Figure 2. The relative abundance of antibiotic resistance genes (ARGs) from the influent (Inf) and the effluent (Ef) of wastewater treatment plants through SmartChip analyses. The copy number of ARGs was normalized by that of 16S rDNA, and it represented the relative abundance of ARGs. Each color indicates the classes of ARGs. An asterisk (*) denotes a statistically significant difference (Wilcox test; p < 0.05) between influents and effluents of the WWTP.

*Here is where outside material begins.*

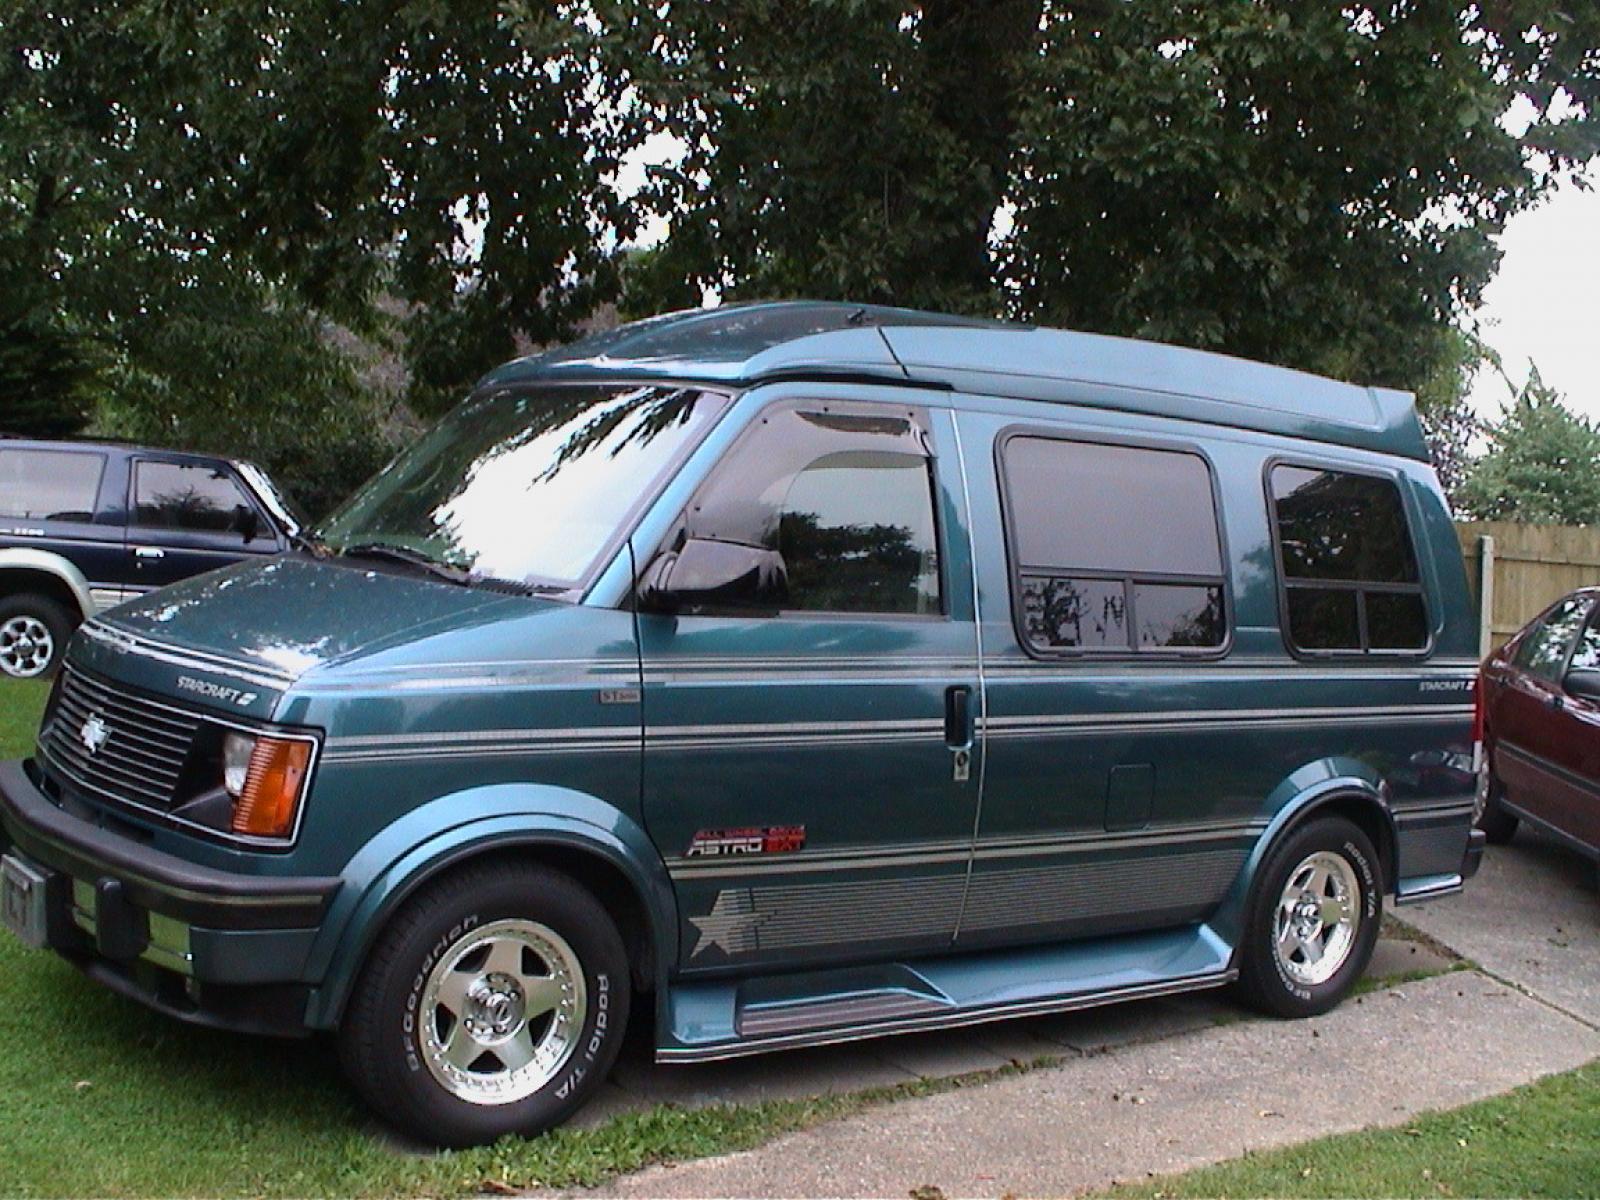 2005 Chevy Astro Van Vacuum Diagram Detailed Schematics Pick Up Wiring Diagrams Automotive 1996 Chevrolet Reveolution Of U2022 Firing Order

Occurrence Patterns of Antibiotic Resistance Genes

Through the SmartChip analyses, a total of 224 ARGs were detected in the influent and effluent of the WWTP in 2017 and 2018, which belong to eleven classes conferring resistance to aminoglycosides, amphenicol, β-lactams, fluoroquinolones, glycopeptides, macrolide-lincosamide-streptogramin B (MLSB), MDR, sulfonamide, tetracycline, trimethoprim, and miscellaneous. Figure 3 shows that the total number of ARGs detected was reduced from n = 180 in 2017 and n = 150 in 2018, as in the influent, to n = 88 in 2017 and n = 76 in 2018, as in the effluent. Notably, 77.4% of ARGs (96/124, the number of ARGs) were reduced at the effluent of the JN WWTP, while 22.6% of ARGs persisted. The number of ARGs to β-lactam, which were the majority of ARGs in the influent of 2017 and 2018, was found to be reduced from the influent (n = 48 in 2017 and n = 35 in 2018) to the effluent (n = 24 in 2017 and n = 12 in 2018). The number of ARGs from the influent to the effluent in both years also showed similar patterns of reduction in the resistance genes to all antibiotics except for trimethoprim. Despite a reduction in the number of ARGs from the influent to the effluent, high numbers of co-occurring ARGs between the influent and effluent were observed as n = 73 and n = 67 in 2017 and 2018, respectively (Figure 4A). This co-occurrence of ARGs could indicate the origin as well as the recirculation of the ARGs in the WWTP. In addition, 15 and nine ARGs, which were not detected in the influent, were observed in the effluent of 2017 and 2018, respectively.

FIGURE 3

Figure 3. The number of ARGs from the influent (Inf) and the effluent (Ef) of wastewater treatment plants through SmartChip analyses. The number of detected ARGs was shown by ARG classes in the influent and effluent of 2017 and 2018. Each color indicates the classes of ARGs.

FIGURE 4

Figure 4. The ARGs at influents (Inf) and effluents (Ef) of wastewater treatment plants through SmartChip analyses. (A) The Venn diagrams represent the shared ARGs between influents (pink) and effluents (blue) in 2017 (top) and 2018 (bottom). (B) The Venn diagram on the right side represents the core ARGs between influents (left circle) and effluents (right circle). Each color indicates a class of ARGs as red (aminoglycoside), sky-blue (tetracycline), gray (macrolide), black (miscellaneous), brown (trimethoprim), orange (Amphenicol), green (β-lactam), purple (sulfonamide), pink (glycopeptide), and mint (fluoroquinolone).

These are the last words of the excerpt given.